Show that if $0\rightarrow N\xrightarrow{\tau} P\xrightarrow{\epsilon} A\rightarrow 0$ and $0\rightarrow M\xrightarrow{\tau'} Q\xrightarrow{\epsilon'} A\rightarrow 0$ are exact sequences with $P,Q$ being projective modules then $P\oplus M\cong Q\oplus N$.

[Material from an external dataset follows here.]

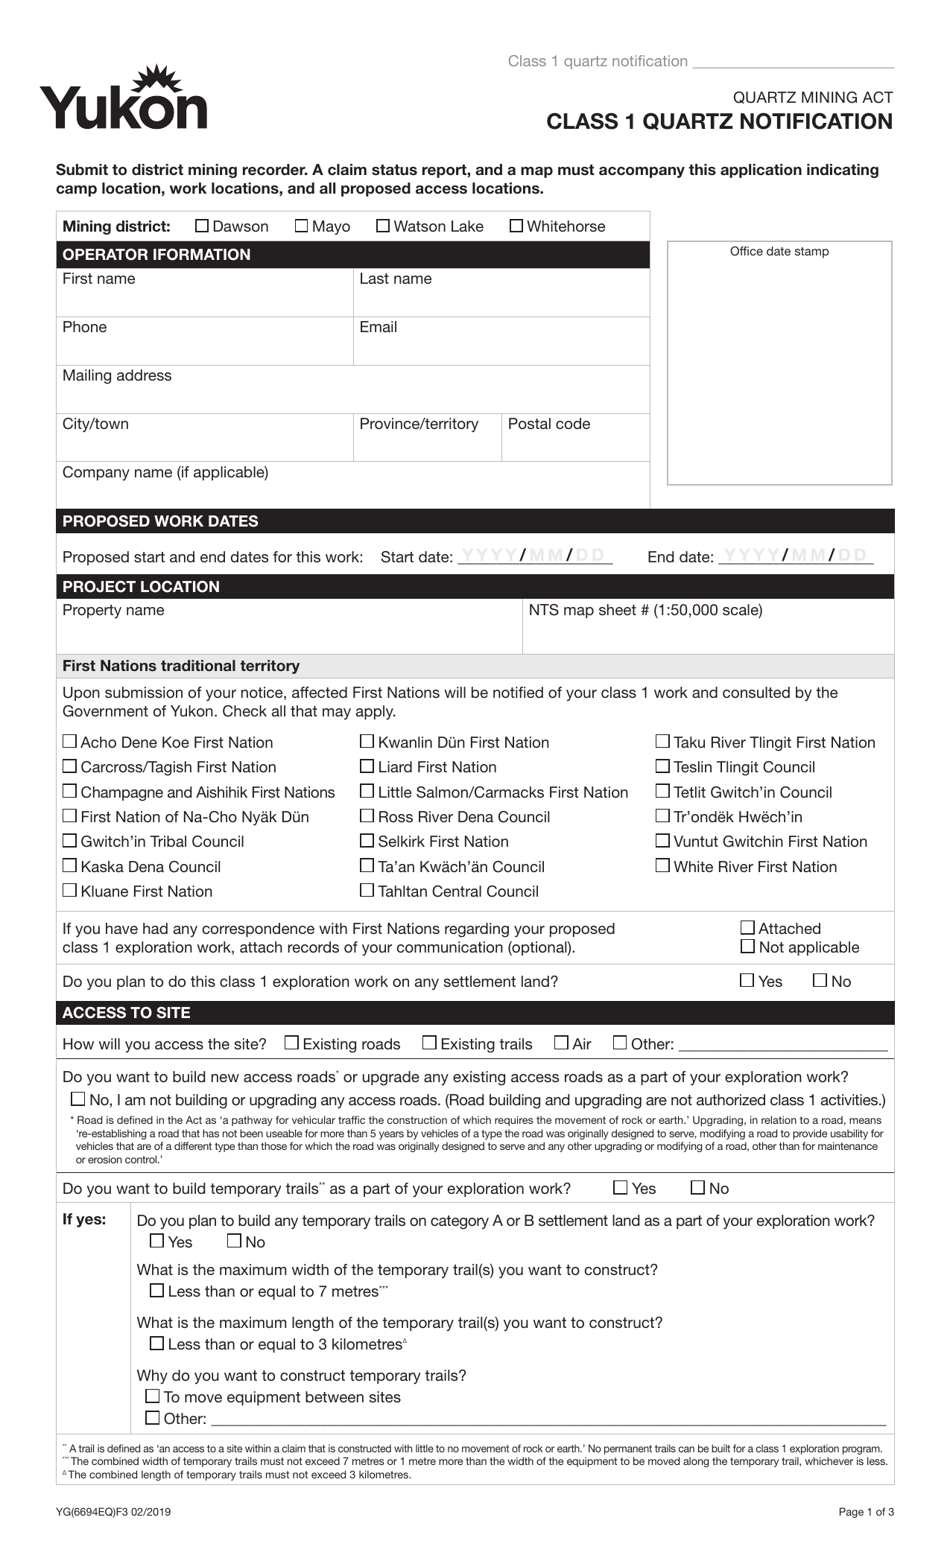 Form YG6694 Class 1 Quartz Notification - Yukon, Canada, Page 1

Consider surjective map $\epsilon$, as $Q$ is projective module and we have map $\epsilon'$ there exists $\eta:P\rightarrow Q$ such that $\epsilon'\circ \eta=\epsilon$
Moreover, $\epsilon'\circ (\eta\circ\tau)=(\epsilon'\circ \eta)\circ\tau=\epsilon\circ\tau=0$. Thus, $\eta\circ\tau$ is in the kernel of $\epsilon'$ and thus, has to be in the image of $\tau'$. So, we have a map $\eta':N\rightarrow M$ such that $\tau'\circ\eta'=\eta\circ\tau$
We then have a following diagram
$$\begin{array}{c} 0 & \rightarrow & N & \xrightarrow{\tau} & P & \xrightarrow{\epsilon} & A & \rightarrow & 0 \\ \downarrow{} & & \downarrow{\eta'} & & \downarrow{\eta} & & \downarrow{id} \\ 0 & \rightarrow & M & \xrightarrow{\tau'} & Q & \xrightarrow{\epsilon'} & A & \rightarrow & 0\\ \end{array}$$
From an exercise in Hilton Stammbach, Chapter I, exercise $3.4$ as map in last column is an isomorphism, we have a short exact sequence
$$0\rightarrow N\rightarrow P\oplus M\rightarrow Q\rightarrow 0$$
Now, as $Q$ is projective module, any surjective map onto $Q$ splits, so above short exat sequence is a split exact sequence, we then have $P\oplus M=Q\oplus N$.
Let me know if this is correct.